*** DATA BELOW Section Begins ***
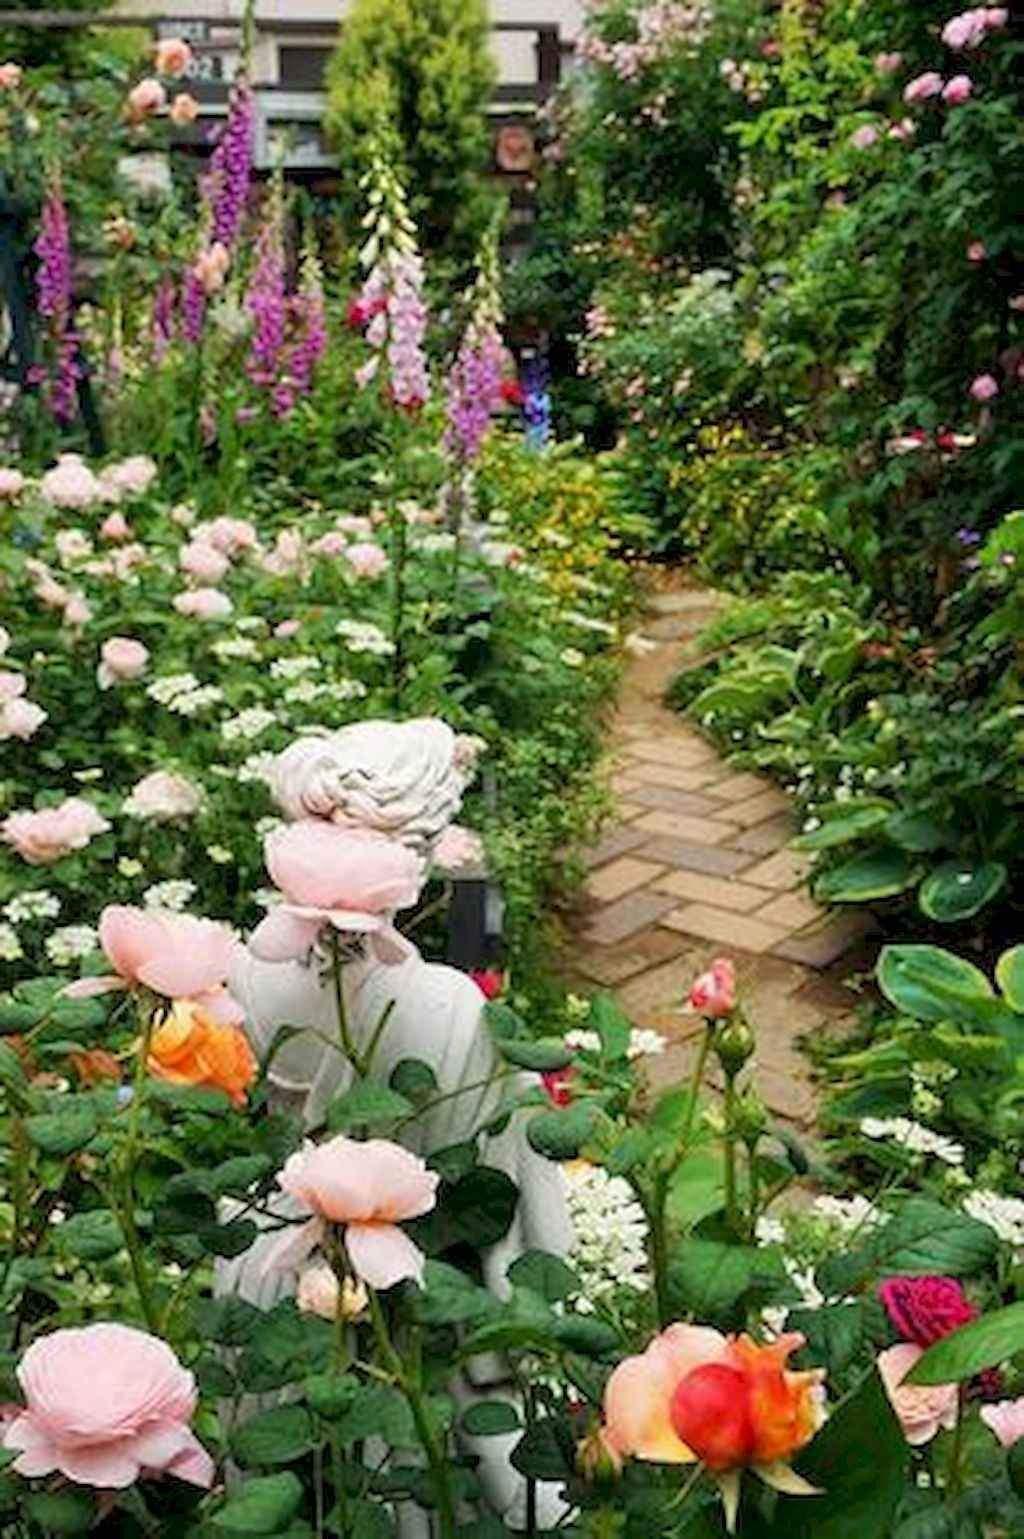 cottage garten anlegen schon 01 stunning cottage garden ideas for front yard inspiration of cottage garten anlegen
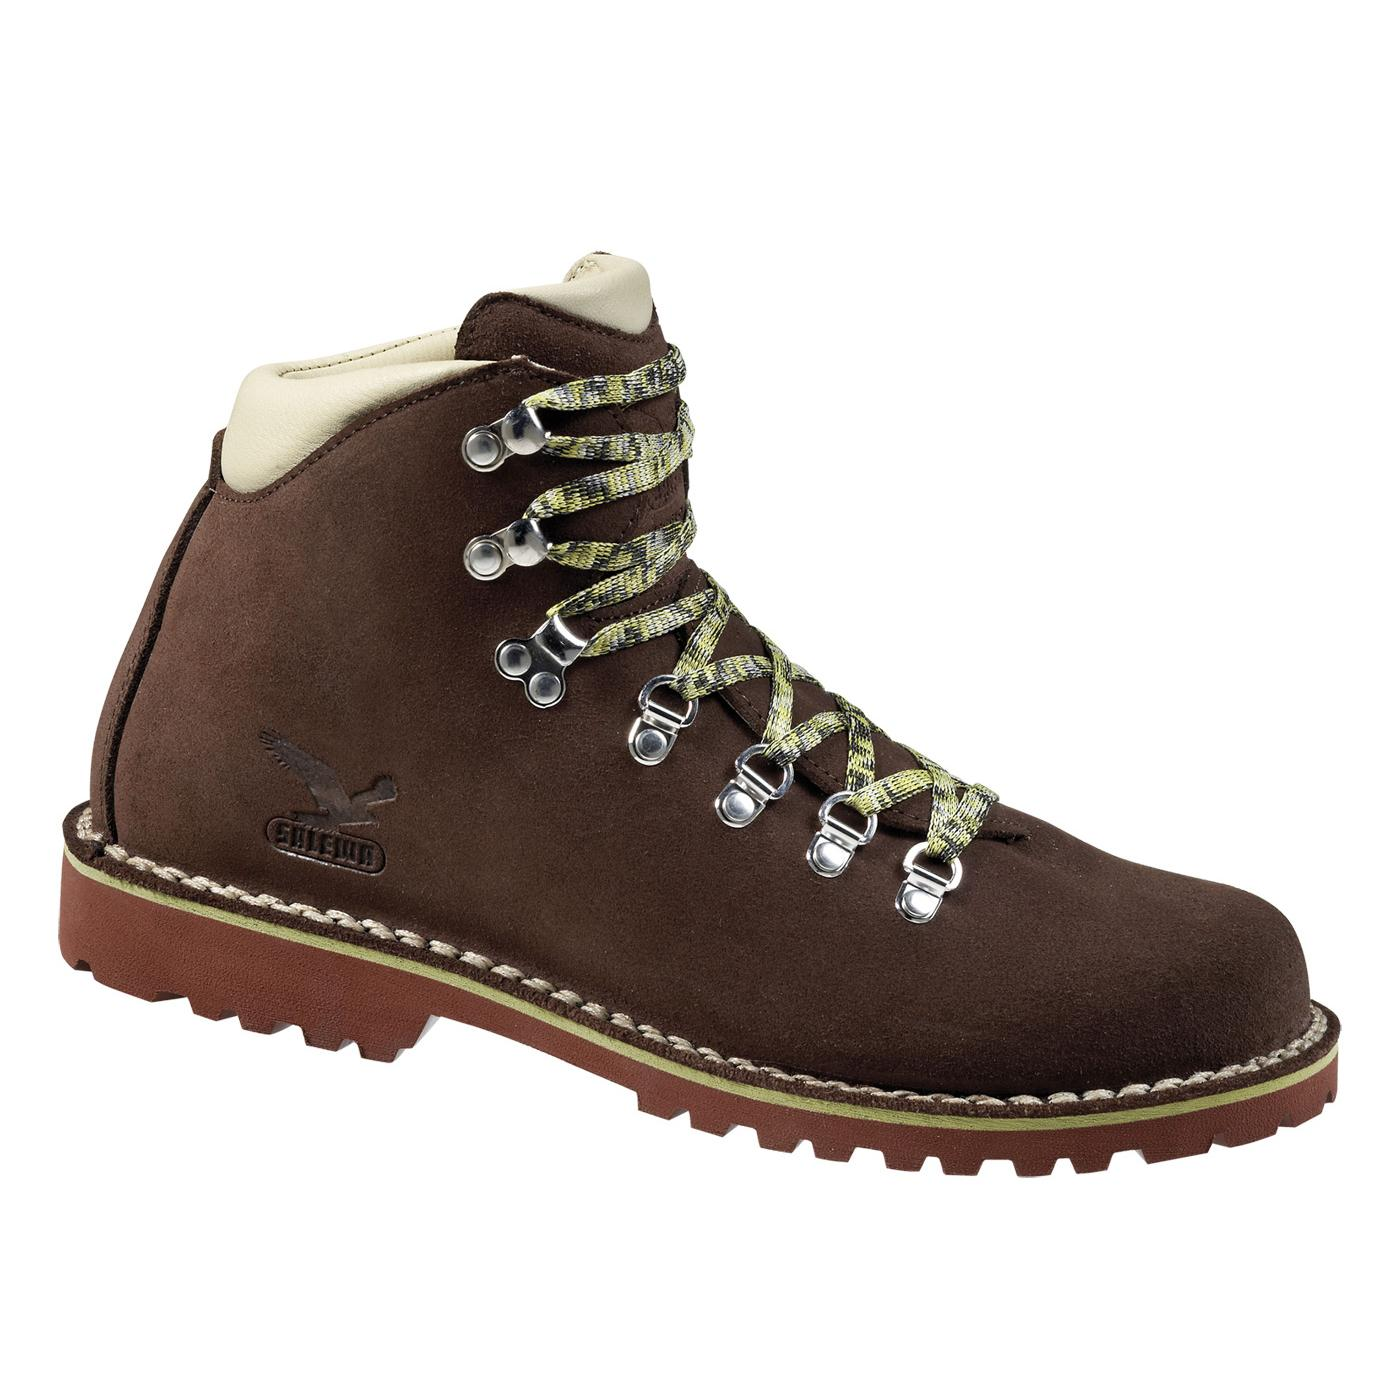 Купить Ботинки городские (высокие) Salewa Alpine Life MS ORIGINAL Brown Обувь для города 1090405
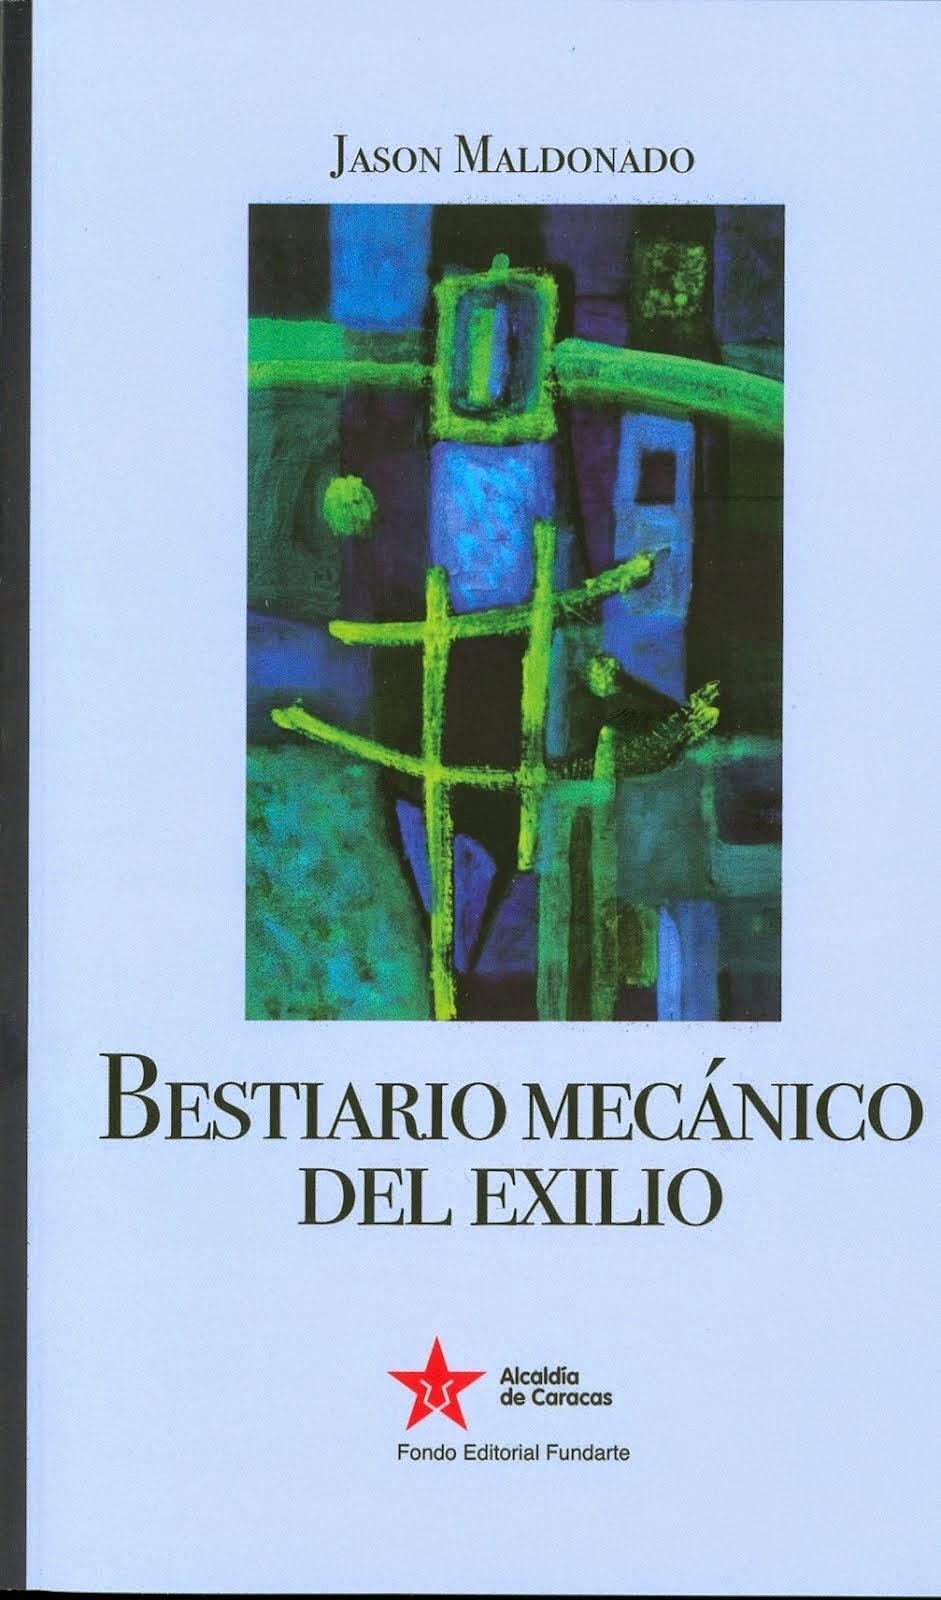 Bestiario mecánico del exilio
*** DATA BELOW Section Ends ***
* _WHAT IS BEING ASKED_: These lines alone form the answer: the one containing "Купить Ботинки городские" and every line after it through the end of the material, exactly as written, pictures left out.

* _OUTPUT FOR THIS TASK_:
 Купить Ботинки городские (высокие) Salewa Alpine Life MS ORIGINAL Brown Обувь для города 1090405
 Bestiario mecánico del exilio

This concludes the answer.